DPDP Audit When Launching a New Product Feature
Liability Check
Launching that hot new feature? If it touches any personal data – from user profiles to payment info – you're adding new DPDP Act compliance liabilities. An oversight here isn't just a bug; it's a potential ₹250 Crore penalty waiting to derail your launch.
Why DPDP Audit When Launching a New Product Feature is at Risk
Every new feature, be it a personalized AI assistant for your SaaS product or a new UPI payment integration for your e-commerce platform, fundamentally alters your **data processing operations**. This necessitates a re-evaluation of your **Purpose Limitation**, **Consent Management**, and **Data Minimisation** principles under the DPDP Act. Are you processing biometric data for a new security login, or location data for a hyperlocal delivery feature from your Bengaluru tech park office? Each new data vector amplifies your **Data Fiduciary responsibilities**. A pre-launch DPDP audit ensures your innovation doesn't become a regulatory nightmare.
Common Violations
- 1.Collecting new types of personal data (e.g., biometrics, financial info) through the feature without updating your privacy policy or obtaining fresh, specific consent.
- 2.Integrating third-party analytics, payment, or AI APIs (e.g., from a foreign vendor) that involve cross-border data transfer without ensuring compliance with DPDP's data transfer regulations.

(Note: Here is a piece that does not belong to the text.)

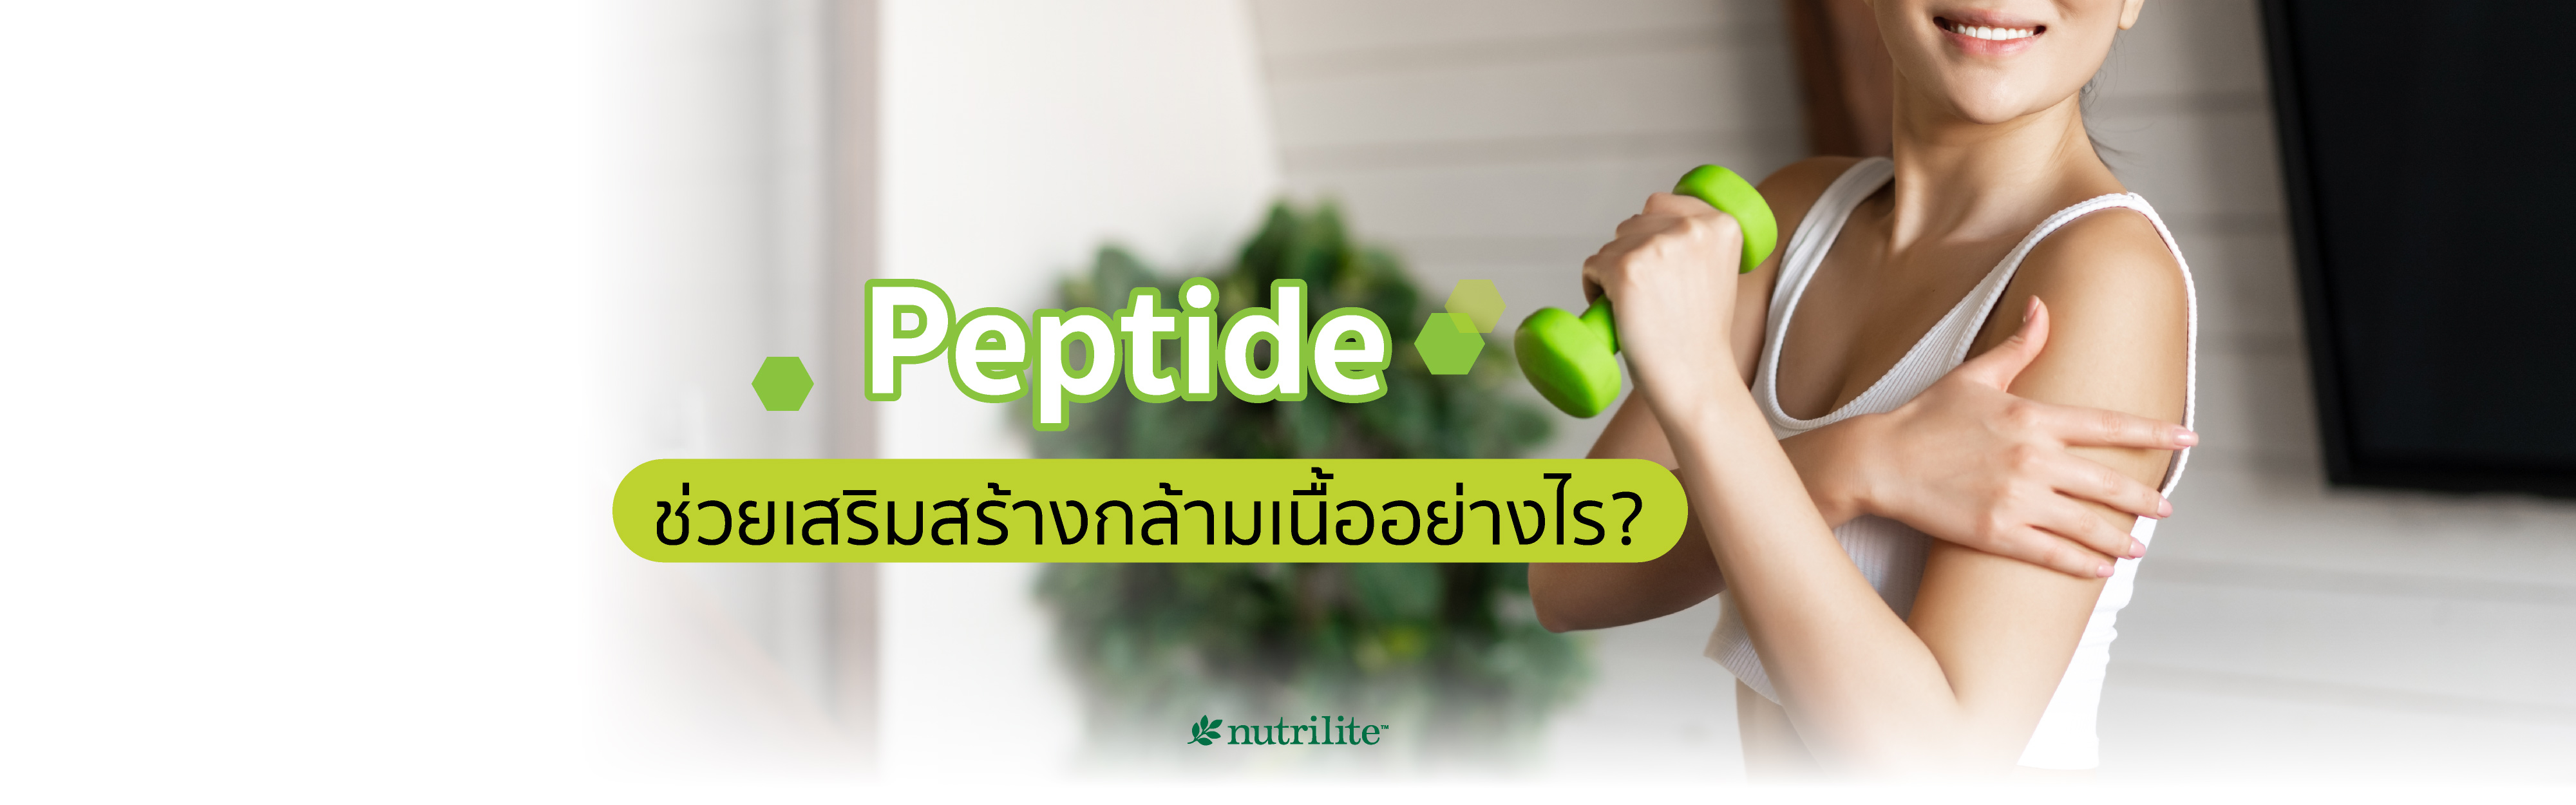 Peptide ช่วยเสริมสร้างกล้ามเนื้ออย่างไร?

- 3.Launching a feature that uses AI/ML for profiling or significant decision-making on user data without conducting a mandatory Data Protection Impact Assessment (DPIA).
The Immediate Fix
Before your feature goes live, commission a thorough **DPDP Impact Assessment (DPIA)** for it. This will map new data flows, identify risks, and ensure your consent mechanisms, privacy notices, and data security measures are updated and robust enough to meet DPDP requirements.